I see the TextBlade keyboard as an interesting innovation which enhances the use of mobile text entry, which can be categorized like this, for example:

(A) "2-thumb text entry on glass": virtual keyboard on touch screen. No desktop needed. Medium speed, looking at the key labels is essential. Quite prone to errors (hitting an adjacent key, no or poor "click and feel"). Examples: the virtual "2-thumb" keyboards of most smartphones and some tablets,

(B) "2-thumb text entry on physical keyboard". No desktop needed. Medium speed, looking at the key labels is essential., Less prone to errors than (A), thanks to 3D shape and tactile "click" of the keys. Examples: the virtual keyboards of most smartphones and tablets, Examples: TOHKBD for Jolla phone, Nokia N900, Nokia E7,

(C) "Physical QWERTY for 10-finger touch-typing". Mainly on desktop. Speed of typing: high, if the writing person has an acceptable touch-typing skill. There are only minor layout differences between the mobile, laptop and desktop Qwerty-keyboard variants. In most situations, you don'nt need to look at key labels. Less prone to errors than (A): eight fingers have their "home keys", each letter is entered with a standard finger movement, good tactile "click and feel". Examples: TextBlade, mechanical keyboard accessories for smartphones, full-size Qwerty keyoards of desktop and laptop computers.
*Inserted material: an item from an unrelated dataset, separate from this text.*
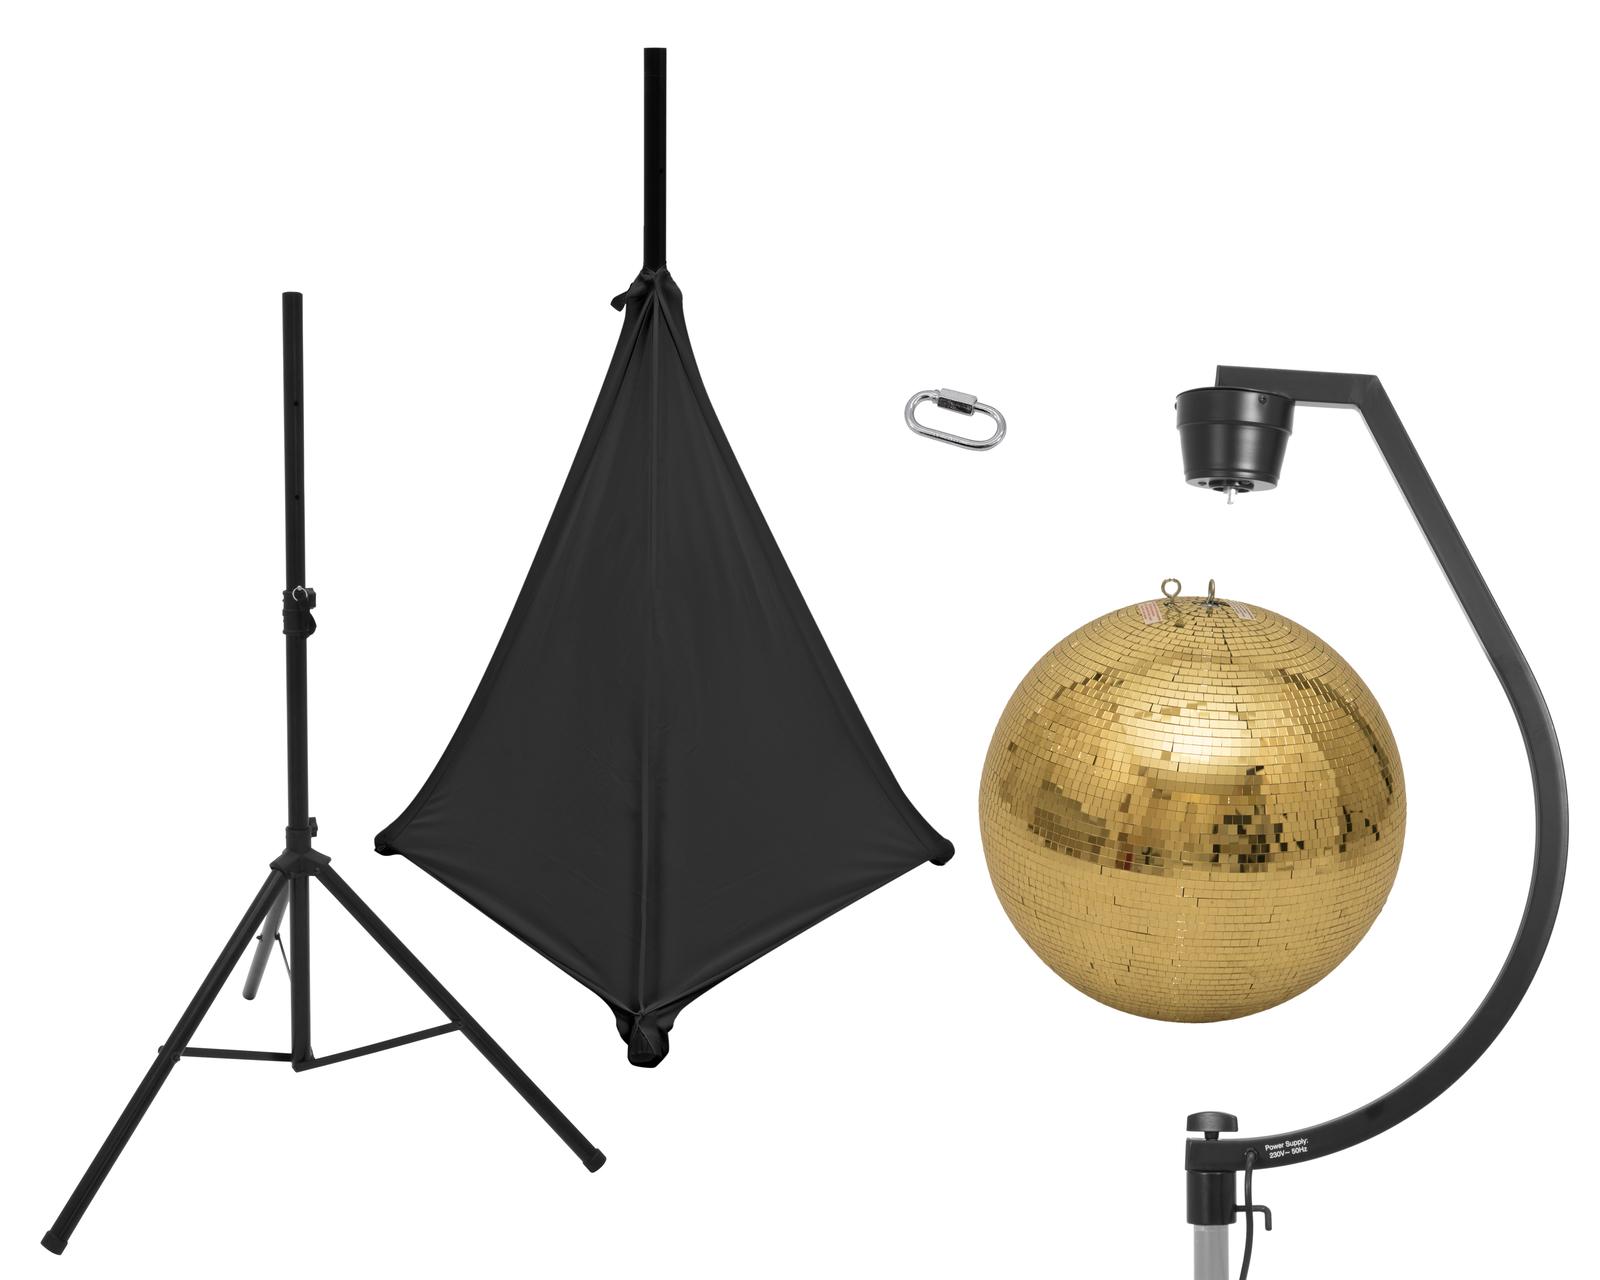 EUROLITE Set Spiegelkugel 50cm gold mit Stativ und Segel schwarz

(D) Other, "Non-Qwerty" keyboards, such as text entry on 12-key numeric keypad of phones, and chording keyboards. They require special skills: on them the touch-typing skill on stardard Qwerty keyboard cannot be reused.

Please note that here the "stardard Qwerty keyboards" comprise also their language or country specific layout variants, such as the Cyrillic, Greek, French (Azerty) and German (Qwertz) layout.

In the C.category, I see TextBlade as a promising innovation, if its claimed good features come true also in practice. It does not need to replace B-category keyboards, such as TOHKBD for Jolla. But it has potential to generate new product concepts. For example, if attached to an "Other Half" or a "back plate" of a smartphone or tablet, the TextBlade keyboard could work as an essential component of new kind of ultraminiature computers, which can replace the conventional Qwerty keyboards of laptops and some tablets (those of Microsoft Surface, etc).

Personally, I would like to see the TextBlade keyboard fixed to the "othert half" of a Jolla tablet or phone.